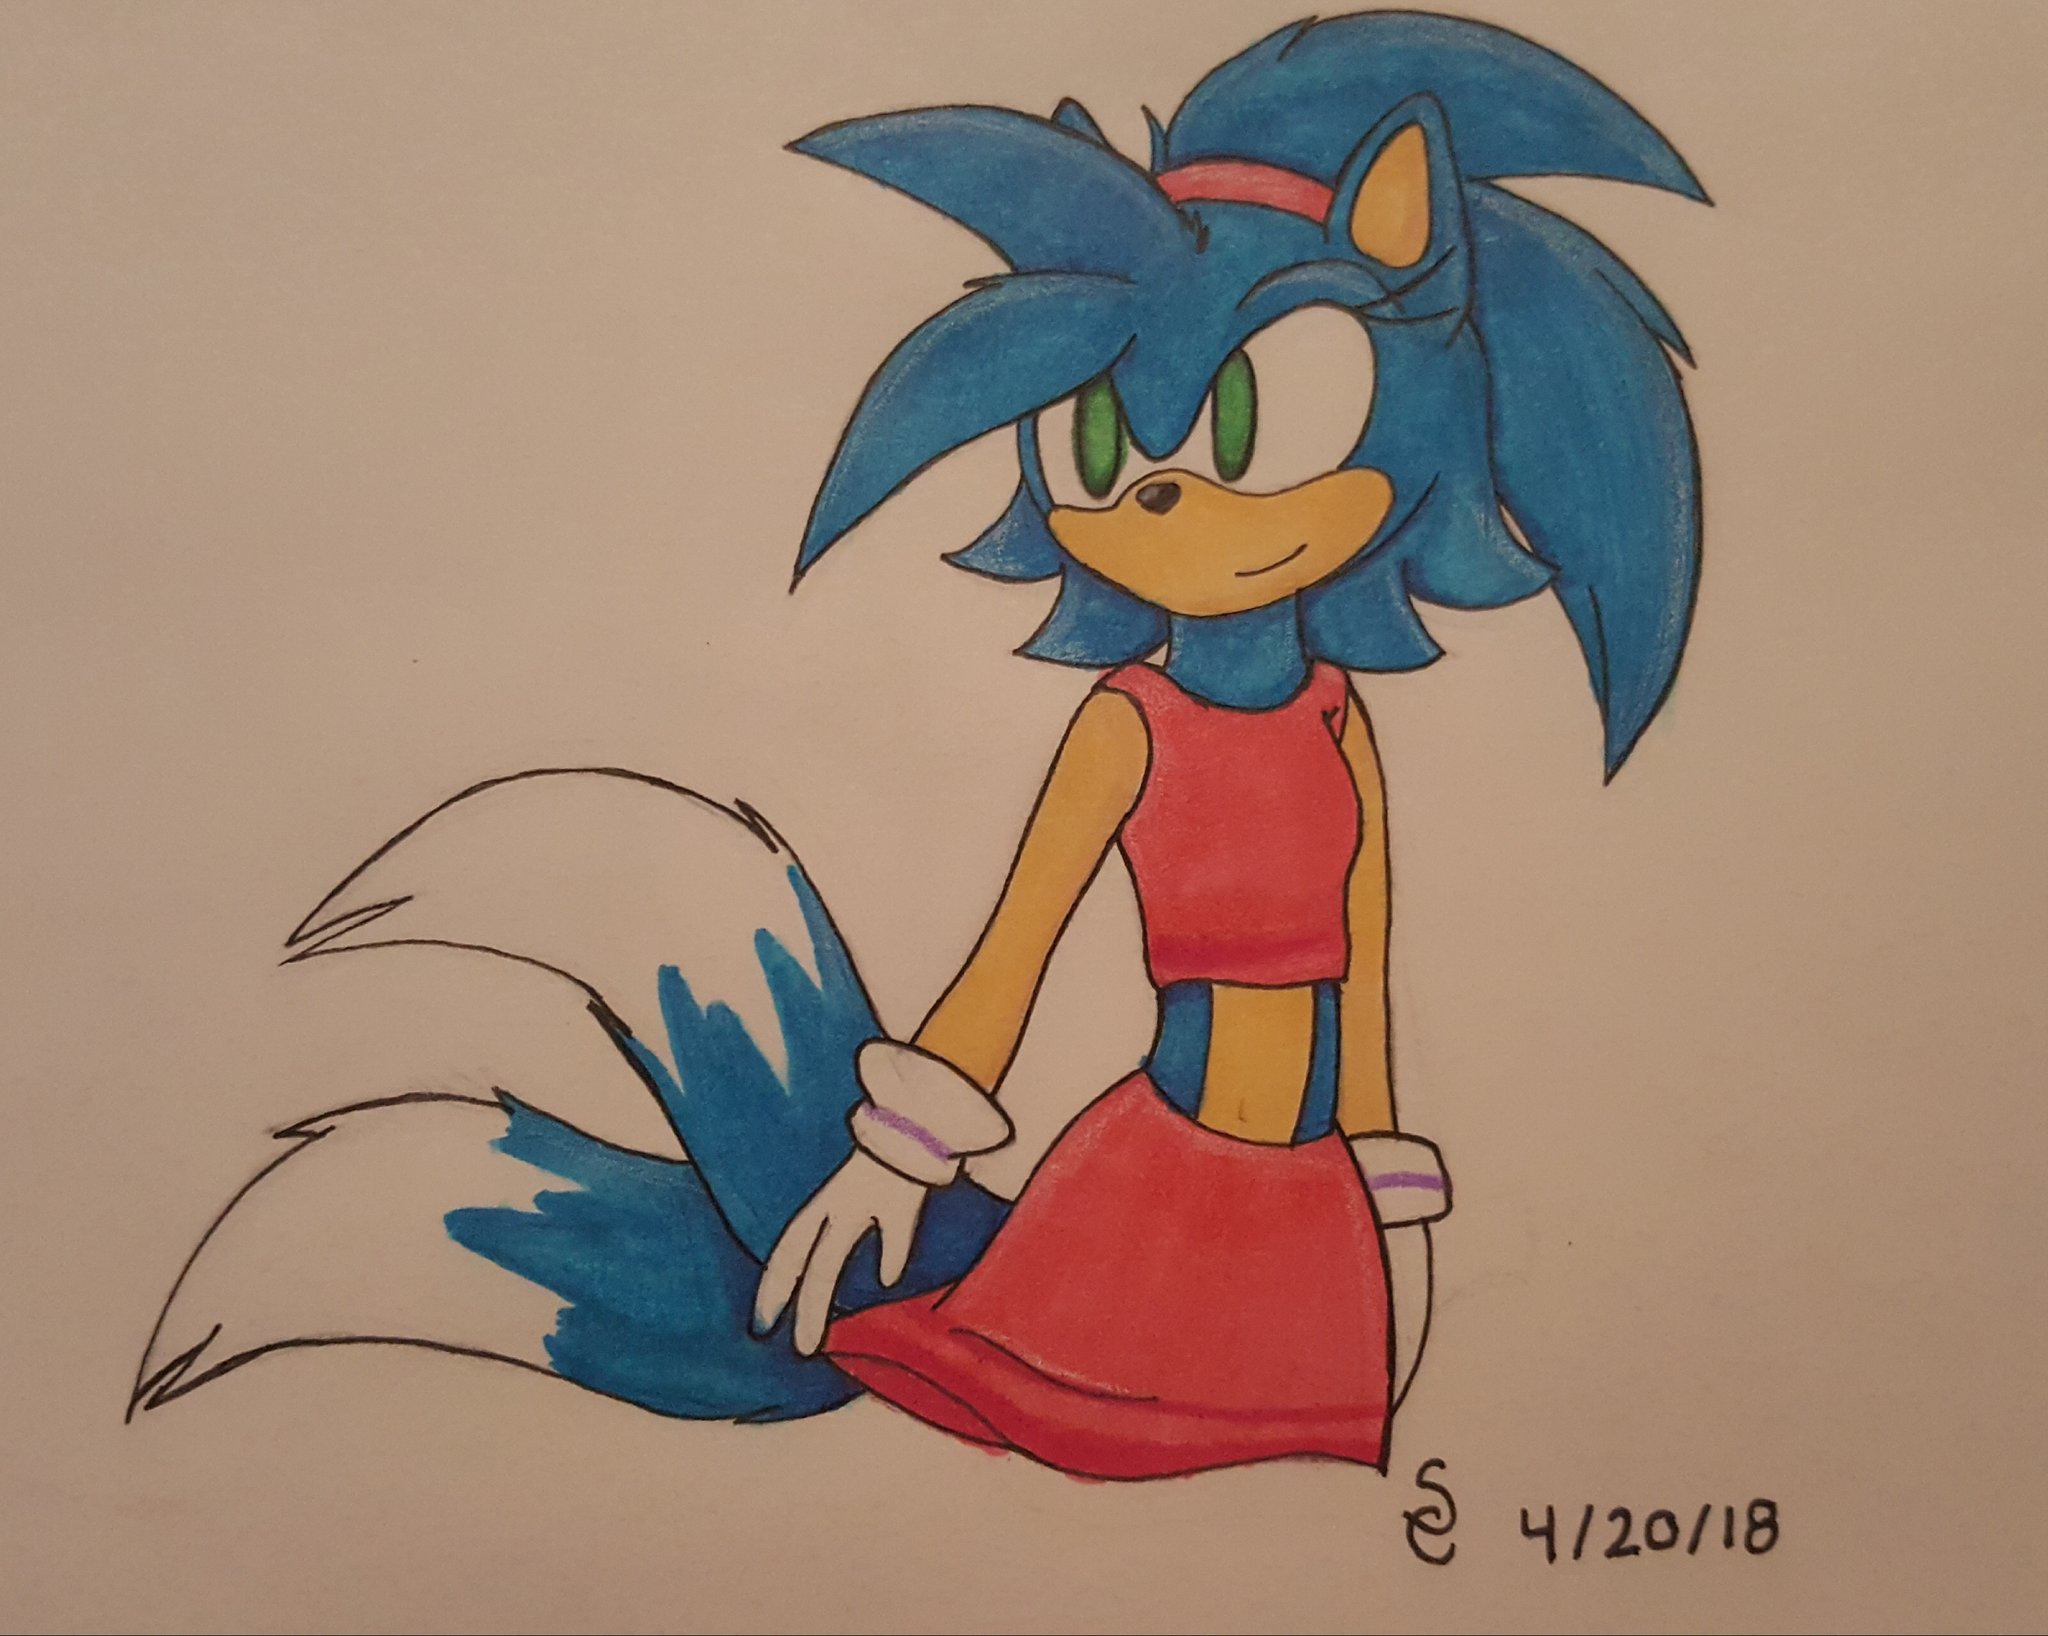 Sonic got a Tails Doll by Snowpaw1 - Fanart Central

- - -

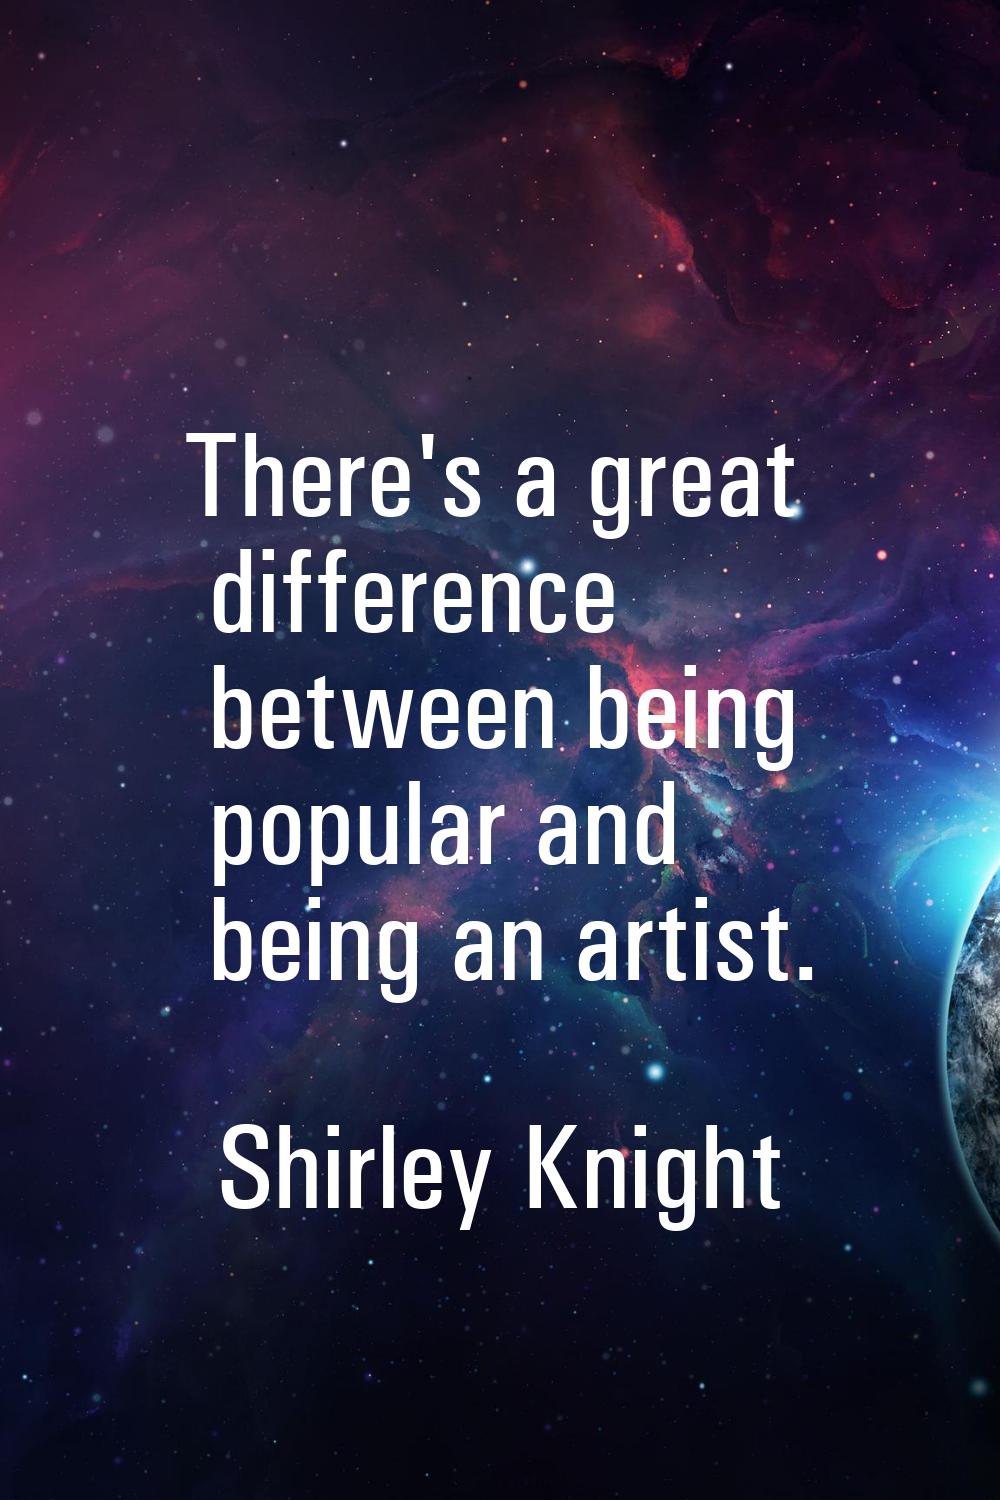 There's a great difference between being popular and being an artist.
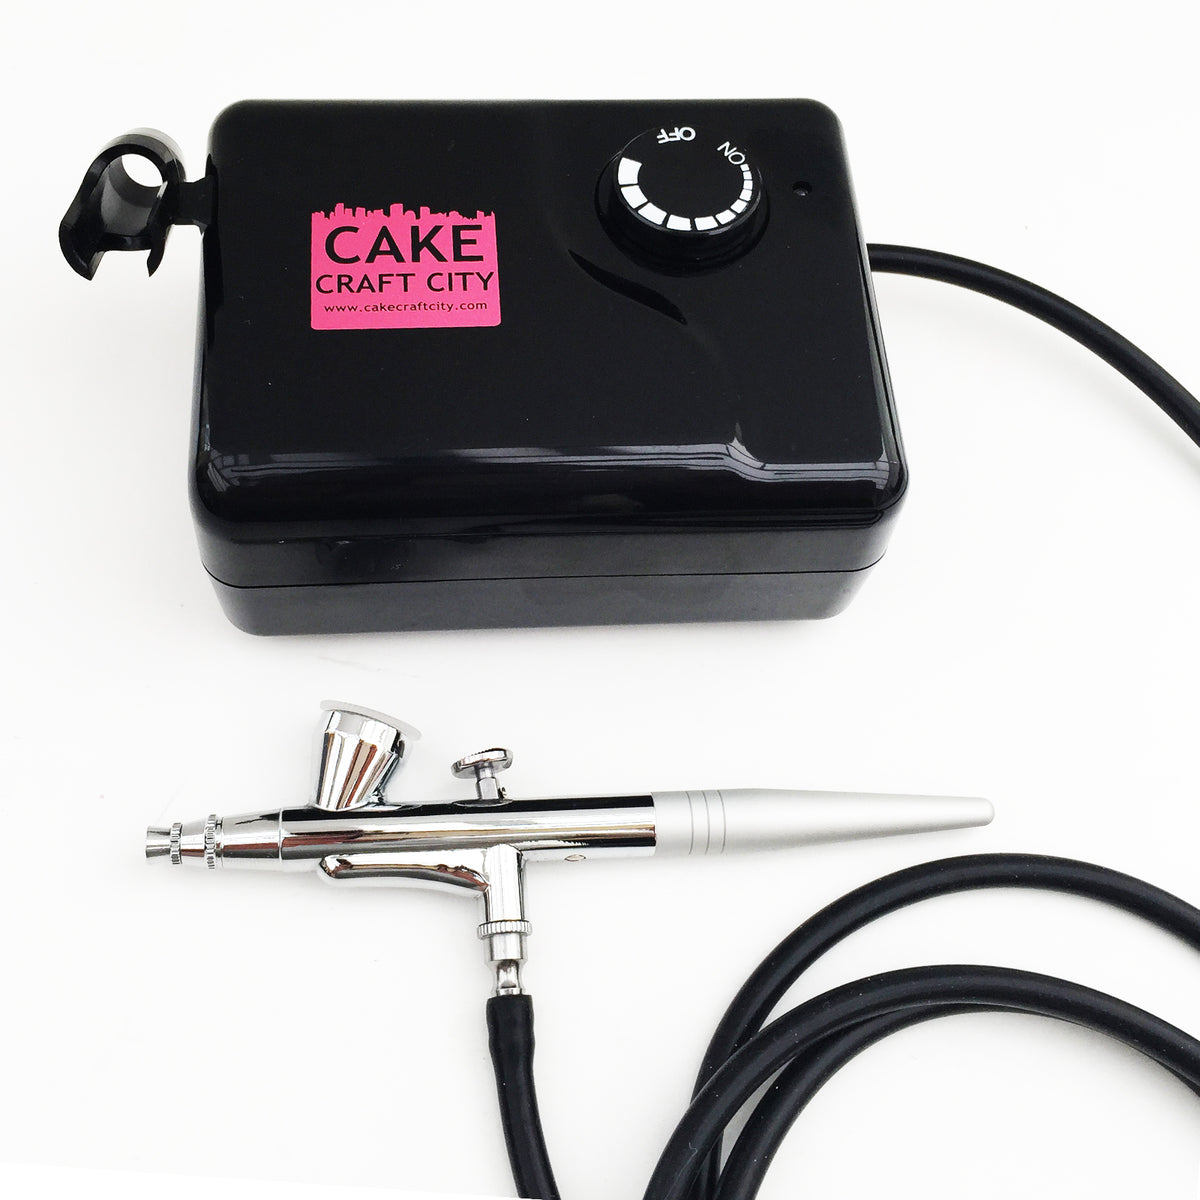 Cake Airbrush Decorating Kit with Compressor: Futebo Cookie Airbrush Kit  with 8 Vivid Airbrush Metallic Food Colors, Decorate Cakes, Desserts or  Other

- - -

* [What needs to be done] Set the pictures aside and transcribe exactly the stretch of lines above, beginning with the one holding "There's a great" and ending with the one holding "Cake Airbrush Decorating".

* [Your response]
 There's a great difference between being popular and being an artist.
 Cake Airbrush Decorating Kit with Compressor: Futebo Cookie Airbrush Kit  with 8 Vivid Airbrush Metallic Food Colors, Decorate Cakes, Desserts or  Other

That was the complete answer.